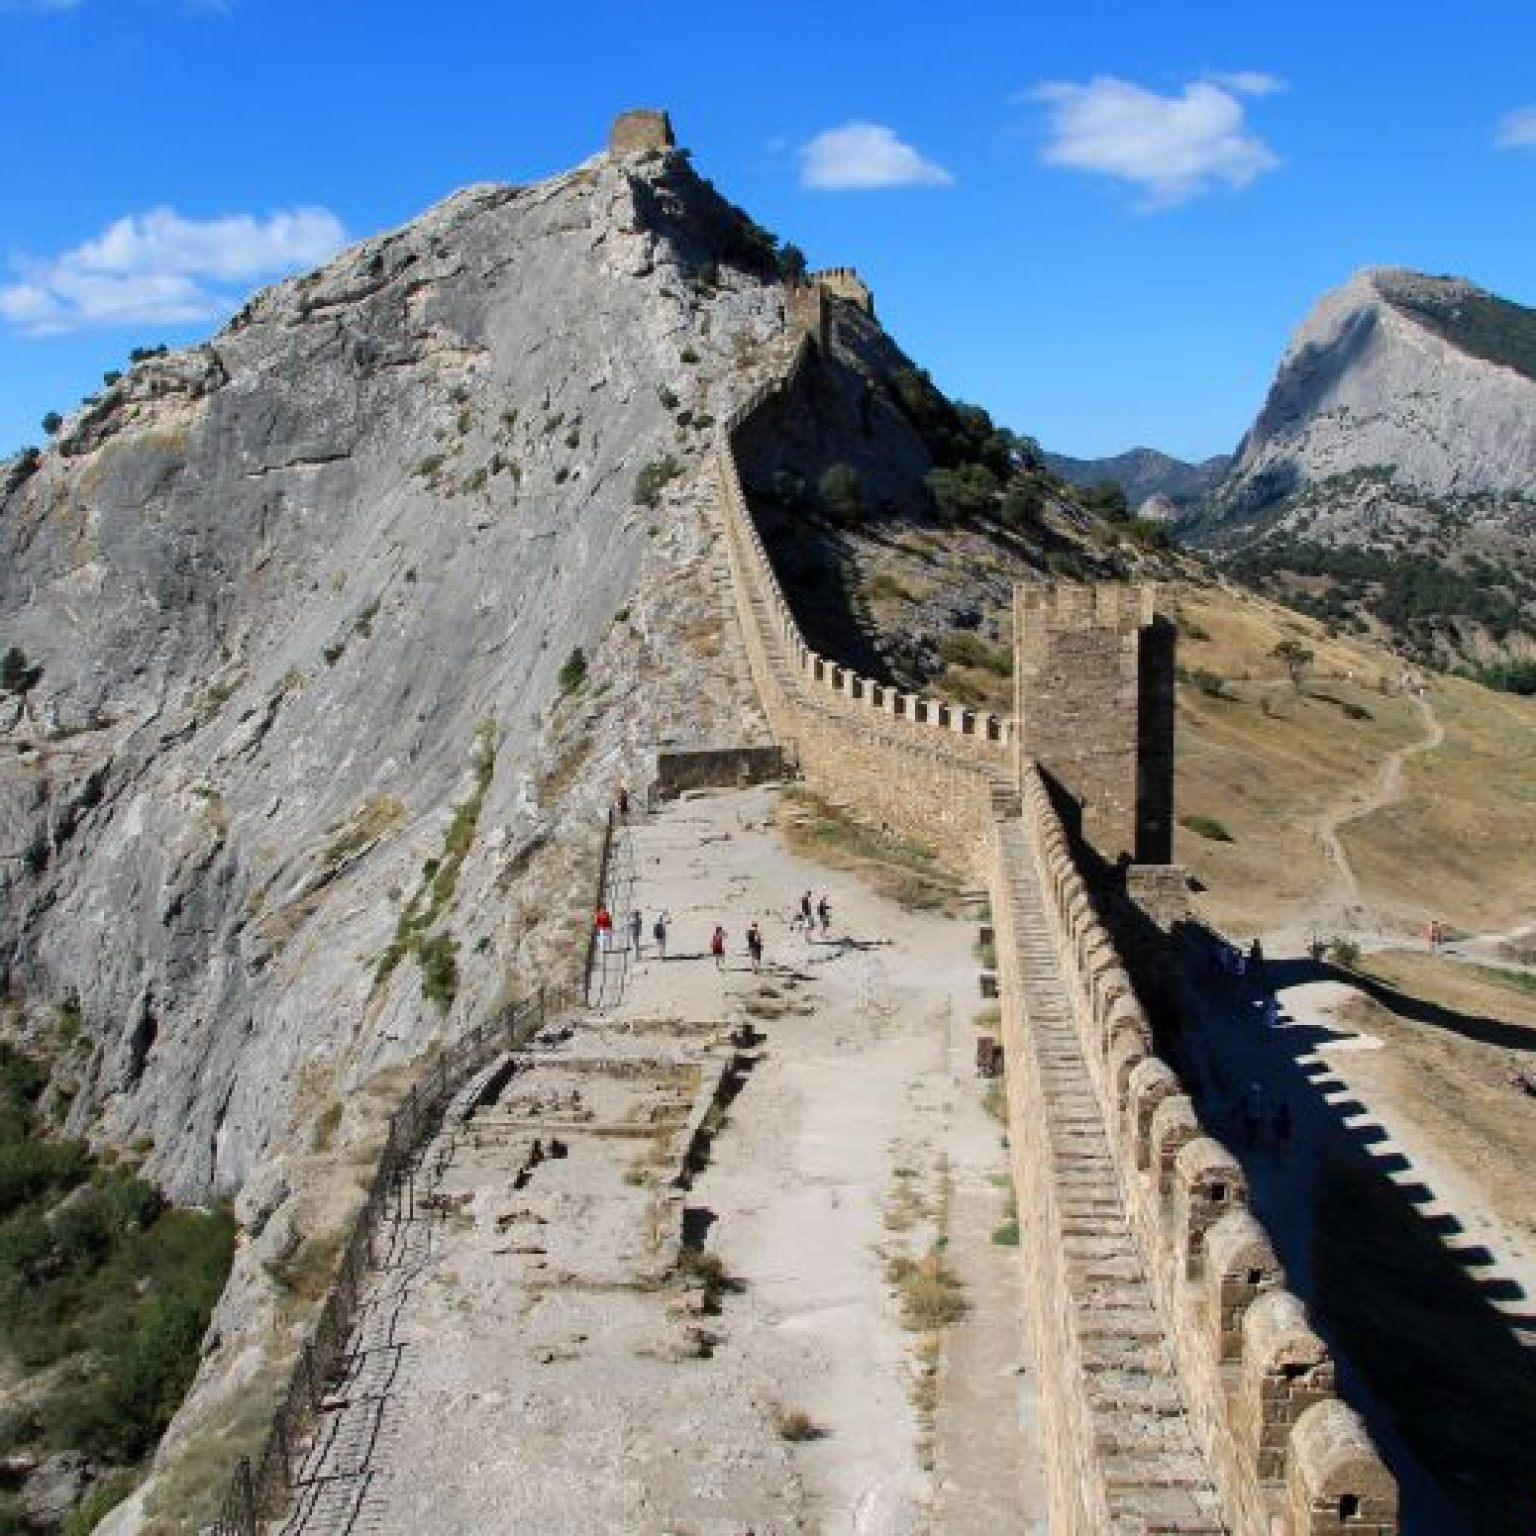 Достопримечательности Крыма - Генуэзская крепость в Судаке
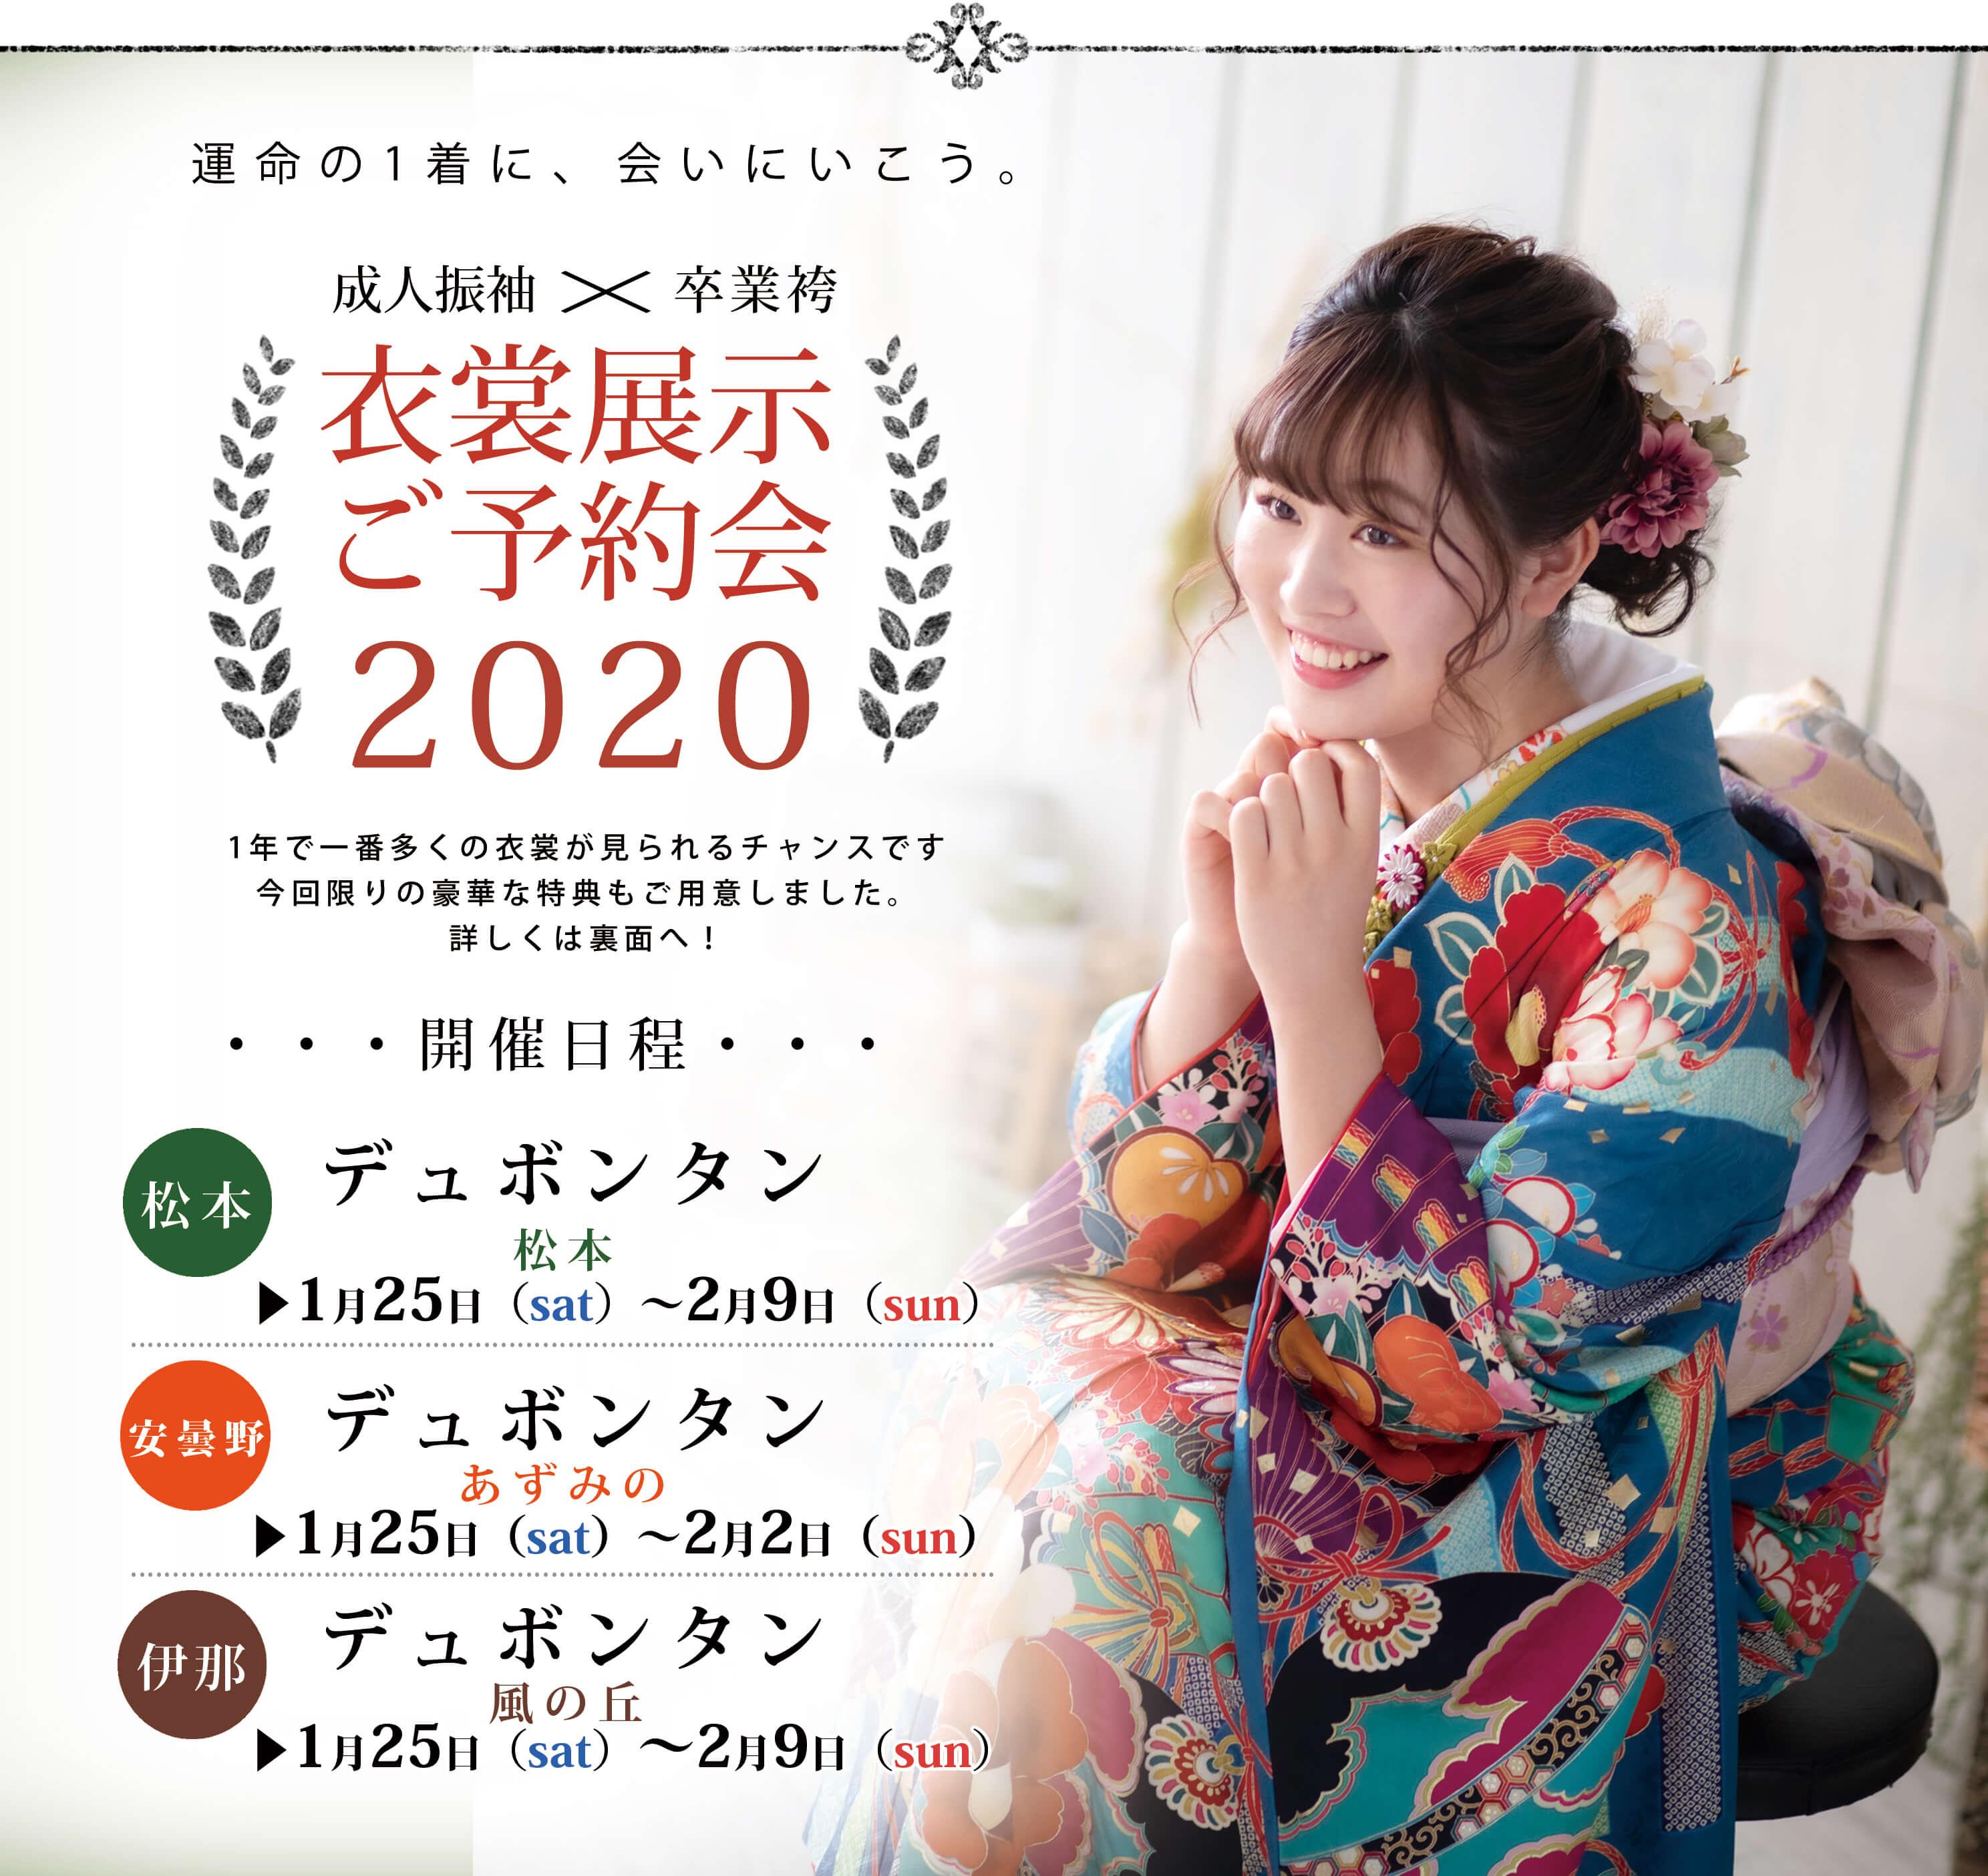 デュボンタン 成人振袖×卒業袴 衣裳展示&ご予約会 1月開催
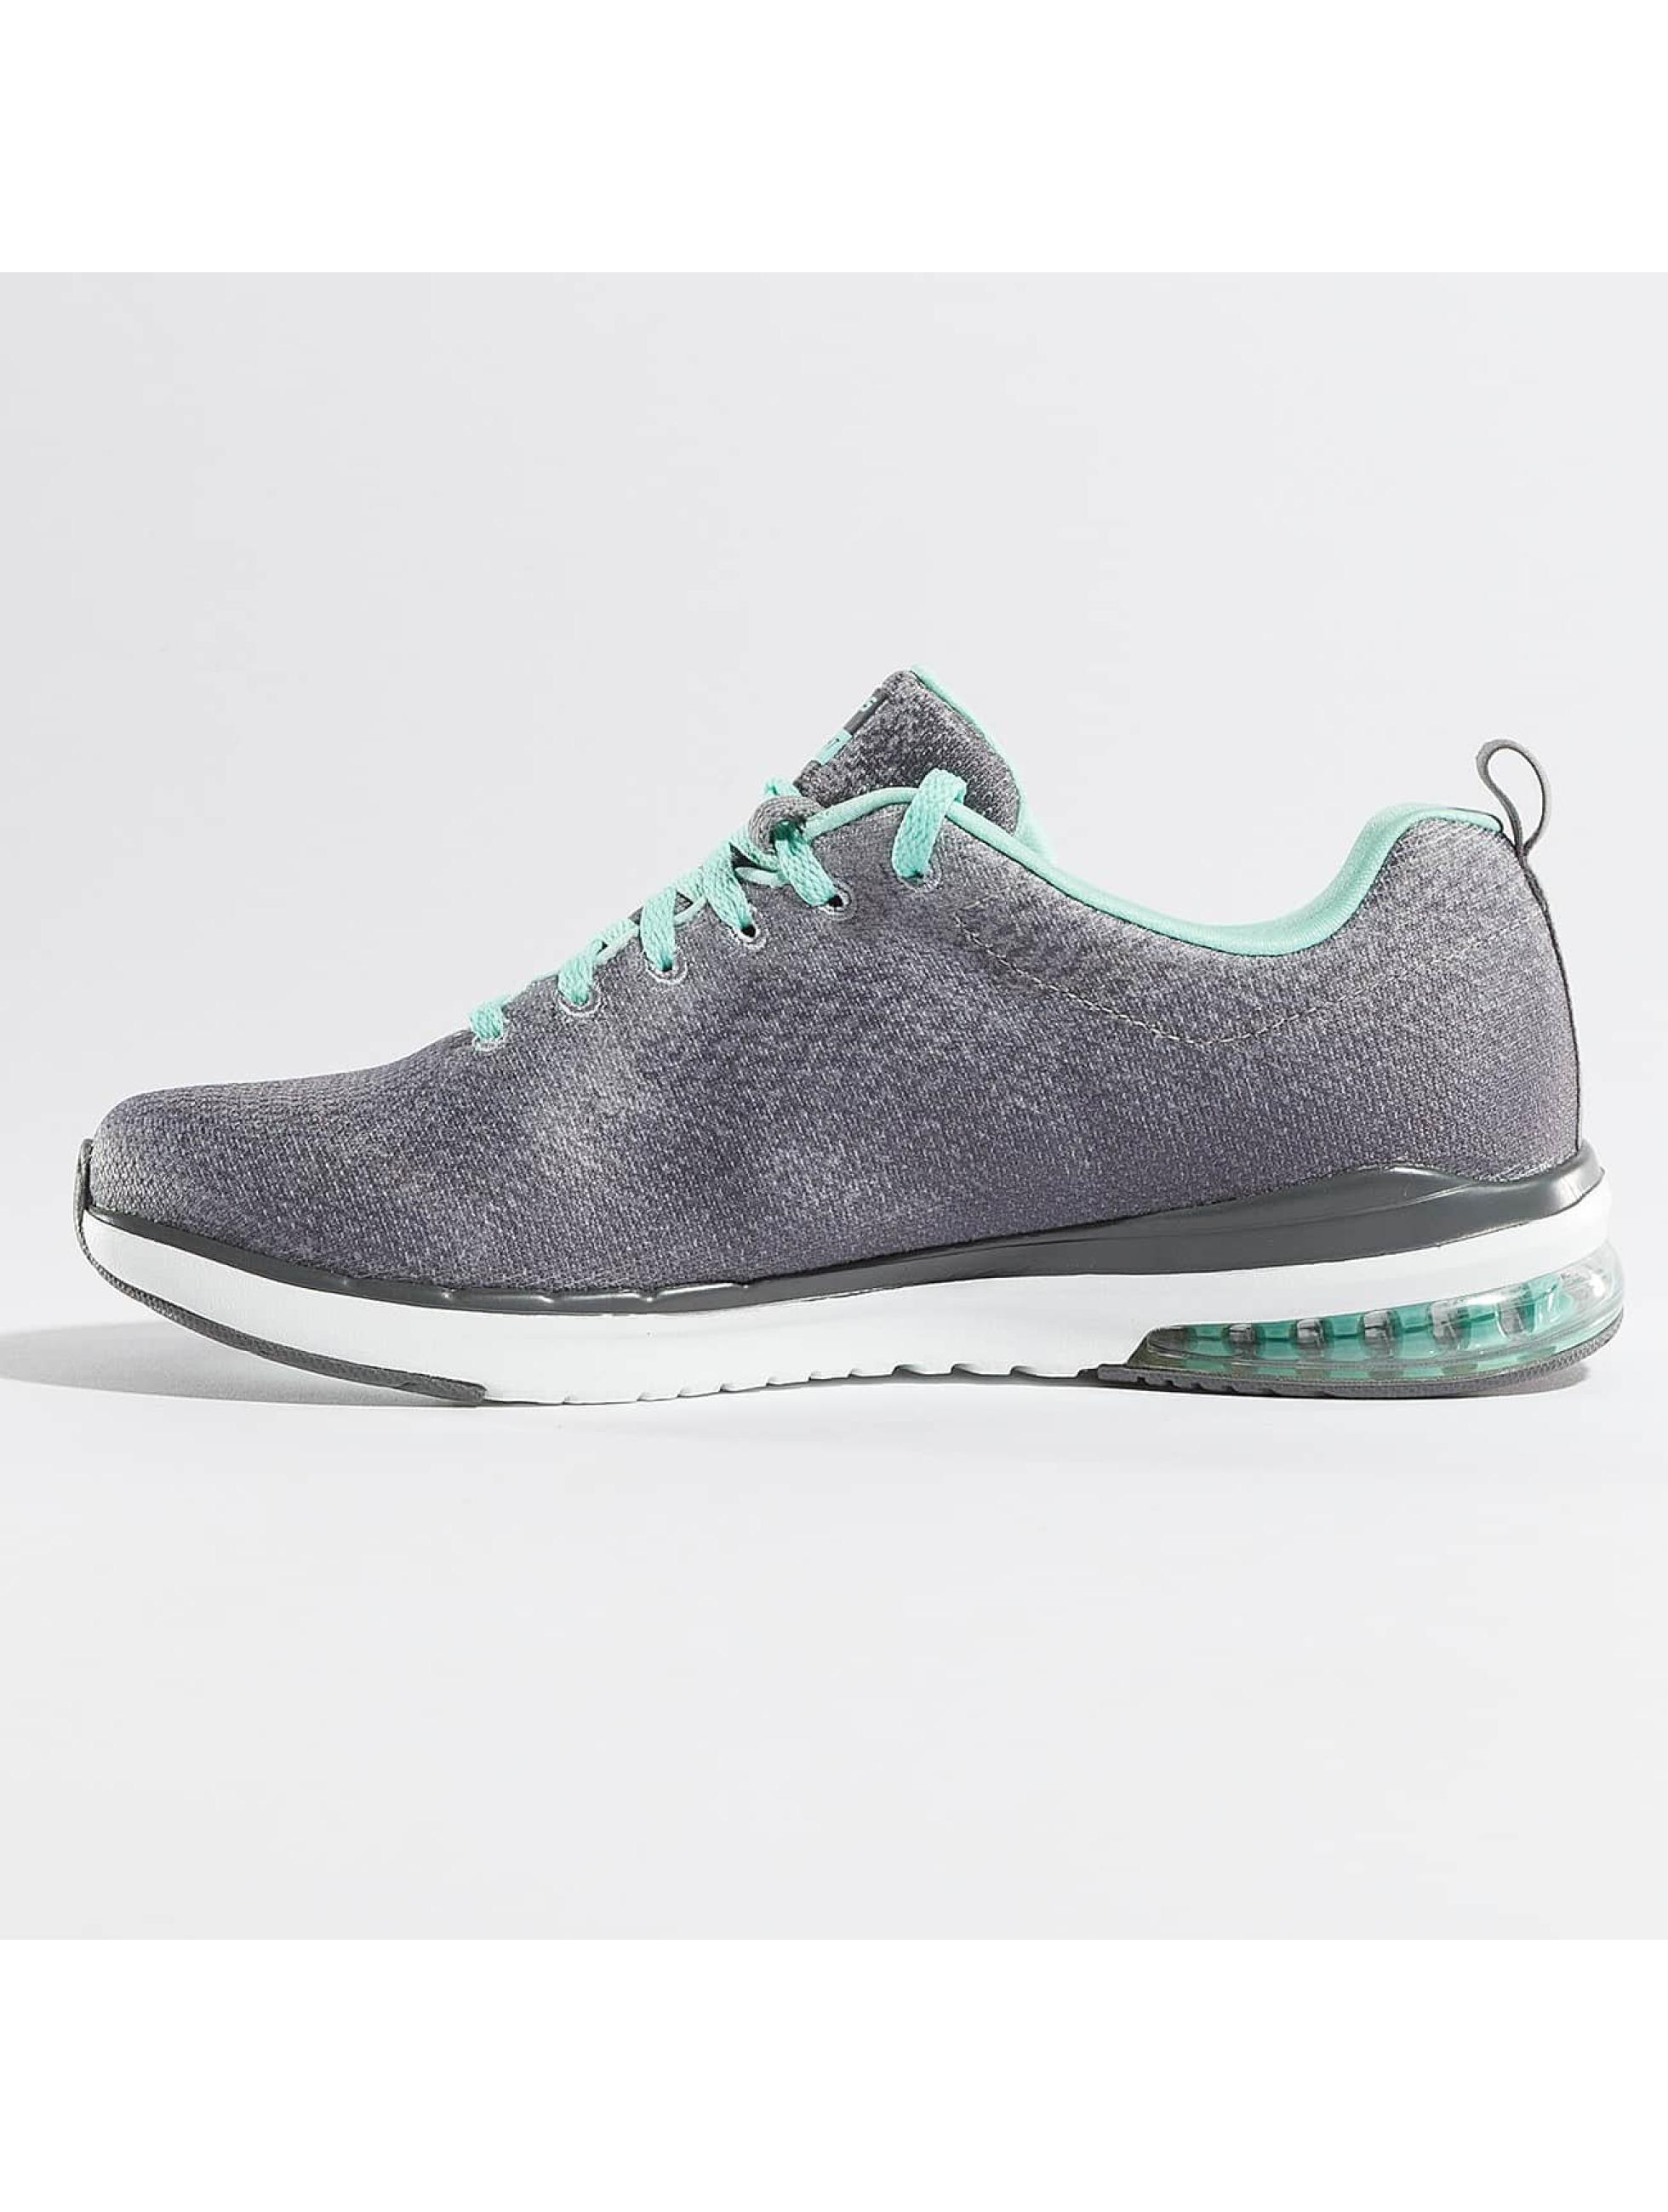 Skechers Sneakers Skech-Air Infinity-Modern Chic grey

• [DESCRIPTION OF THE TASK]: Repeat the data above exactly, leaving out any pictures it holds.

• [WRITTEN REPLY]:
 Достопримечательности Крыма - Генуэзская крепость в Судаке
 デュボンタン 成人振袖×卒業袴 衣裳展示&ご予約会 1月開催
 Skechers Sneakers Skech-Air Infinity-Modern Chic grey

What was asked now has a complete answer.